▸ Problem to work on
Please output the data below exactly as given, starting at its first line and stopping after the line that contains "Chrome Table Number".

[Stored records]
• • • • •
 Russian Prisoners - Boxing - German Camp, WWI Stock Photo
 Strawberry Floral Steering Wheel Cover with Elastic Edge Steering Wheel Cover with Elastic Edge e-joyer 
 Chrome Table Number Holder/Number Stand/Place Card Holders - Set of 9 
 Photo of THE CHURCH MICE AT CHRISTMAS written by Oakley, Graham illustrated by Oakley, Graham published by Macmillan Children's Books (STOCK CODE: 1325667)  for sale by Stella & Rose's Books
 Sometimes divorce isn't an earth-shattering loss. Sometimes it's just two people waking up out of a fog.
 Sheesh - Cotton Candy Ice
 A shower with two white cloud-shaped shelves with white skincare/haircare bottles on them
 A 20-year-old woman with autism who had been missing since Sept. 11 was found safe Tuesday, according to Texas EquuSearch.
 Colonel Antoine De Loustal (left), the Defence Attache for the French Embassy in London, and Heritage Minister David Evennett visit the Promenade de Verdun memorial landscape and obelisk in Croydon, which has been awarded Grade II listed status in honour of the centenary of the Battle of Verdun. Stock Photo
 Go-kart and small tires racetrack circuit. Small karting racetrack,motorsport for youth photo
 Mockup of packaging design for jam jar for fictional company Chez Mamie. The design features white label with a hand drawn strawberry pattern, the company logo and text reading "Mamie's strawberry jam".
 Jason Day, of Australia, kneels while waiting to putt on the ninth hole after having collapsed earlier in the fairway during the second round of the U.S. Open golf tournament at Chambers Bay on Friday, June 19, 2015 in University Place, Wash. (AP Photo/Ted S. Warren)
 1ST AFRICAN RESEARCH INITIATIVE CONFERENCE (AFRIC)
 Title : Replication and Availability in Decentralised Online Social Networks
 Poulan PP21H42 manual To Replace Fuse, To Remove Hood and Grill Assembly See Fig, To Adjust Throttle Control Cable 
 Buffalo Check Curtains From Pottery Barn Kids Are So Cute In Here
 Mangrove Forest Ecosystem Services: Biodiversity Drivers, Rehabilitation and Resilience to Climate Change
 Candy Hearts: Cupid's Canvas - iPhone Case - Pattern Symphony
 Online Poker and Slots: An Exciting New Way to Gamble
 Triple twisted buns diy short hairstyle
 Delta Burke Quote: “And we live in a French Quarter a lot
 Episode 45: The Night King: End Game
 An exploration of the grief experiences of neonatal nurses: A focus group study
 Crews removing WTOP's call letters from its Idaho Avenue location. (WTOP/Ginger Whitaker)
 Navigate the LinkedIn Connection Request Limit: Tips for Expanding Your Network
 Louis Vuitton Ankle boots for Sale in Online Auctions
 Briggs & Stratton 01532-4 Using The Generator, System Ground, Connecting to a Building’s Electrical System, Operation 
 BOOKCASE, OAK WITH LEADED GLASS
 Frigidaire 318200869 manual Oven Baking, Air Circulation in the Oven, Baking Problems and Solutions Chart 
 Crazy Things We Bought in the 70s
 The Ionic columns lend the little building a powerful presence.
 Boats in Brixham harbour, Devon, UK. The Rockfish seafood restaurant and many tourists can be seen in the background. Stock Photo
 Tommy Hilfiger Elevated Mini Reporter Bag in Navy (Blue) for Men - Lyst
• • • • •
▸ Reply
 Russian Prisoners - Boxing - German Camp, WWI Stock Photo
 Strawberry Floral Steering Wheel Cover with Elastic Edge Steering Wheel Cover with Elastic Edge e-joyer 
 Chrome Table Number Holder/Number Stand/Place Card Holders - Set of 9 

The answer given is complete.